John innes with sand cap or capped with cat litter both work fine but no need to add sand to the cat litter 

Sent from my GT-I9305 using Tapatalk 2


----------



## mike455555 (17 May 2013)

thanks, i'll just use a sand cap then, its only going to be for crypts mainly


----------



## Henry (17 May 2013)

I've always used B&Q's own brand compost.

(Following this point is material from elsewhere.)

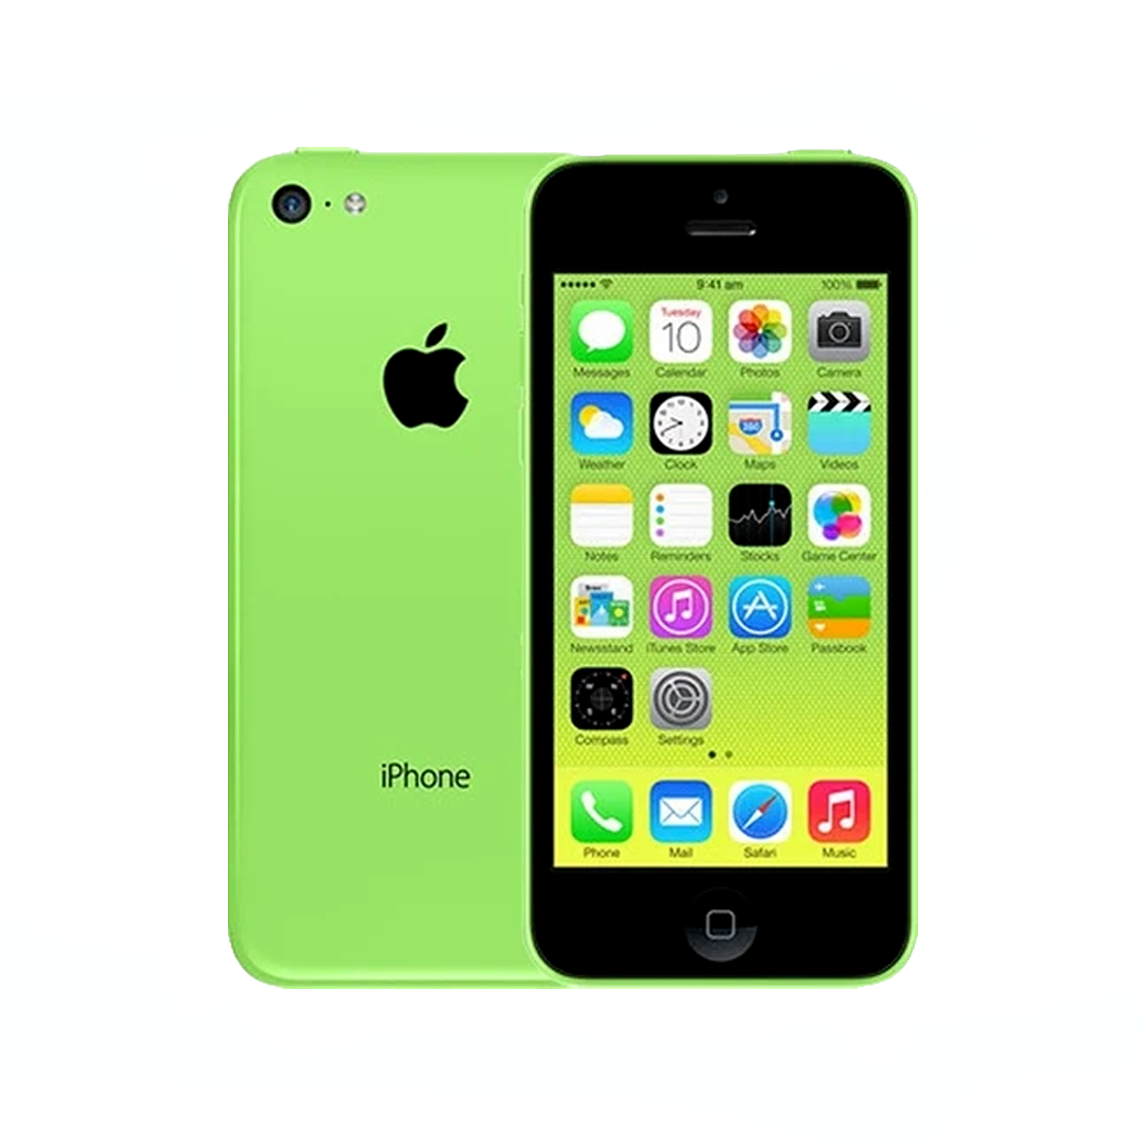 Refurbished Apple iPhone 5C Unlocked Mobile Phone in Green Black Colour

Best to sift through it and get the odd bit of wood out though.
B&Q Value Multipurpose Compost 10L, 0000003550823


----------



## mike455555 (21 May 2013)

change of plan, or an idea, i have naturally hard water high pH water, would it be a good idea to use a peat substrate to lower the pH (chillis are found in peat bogs), if so which one, is irish peat moss a good choice? it says dont use with lime hating plants wouldn't lime raise my pH more?, any help would be great, also what about adding peat to my filter, how would i go about that? thanks in advance


----------



## Henry (21 May 2013)

I wouldn't worry a great deal about hardness and ph unless your water is virtually liquid rock. The best way to soften your water naturally would be to add some leaf litter. The tannins leached from them will stain the water slightly, but will also help to soften it and bring down the ph.
I've had good experience buying my leaves from here: blackwater breeding teabags, Ketapang betta fighter discus items in Amy's Ketapang Indian Almond Leaves Catappa store on eBay!
I went for the 'Grade D' leaves and couldn't be happier with my purchase.


----------



## mike455555 (21 May 2013)

how long do the leaves last?


----------



## Henry (21 May 2013)

In the tank, they tend to take about a month before they get straggly and need replacing. You can pick the old bits out or leave them in, its up to you. An entire bag has lasted me a long time. The D grade leaves I mentioned are incredible value for money if you consider what shops sell them for.


----------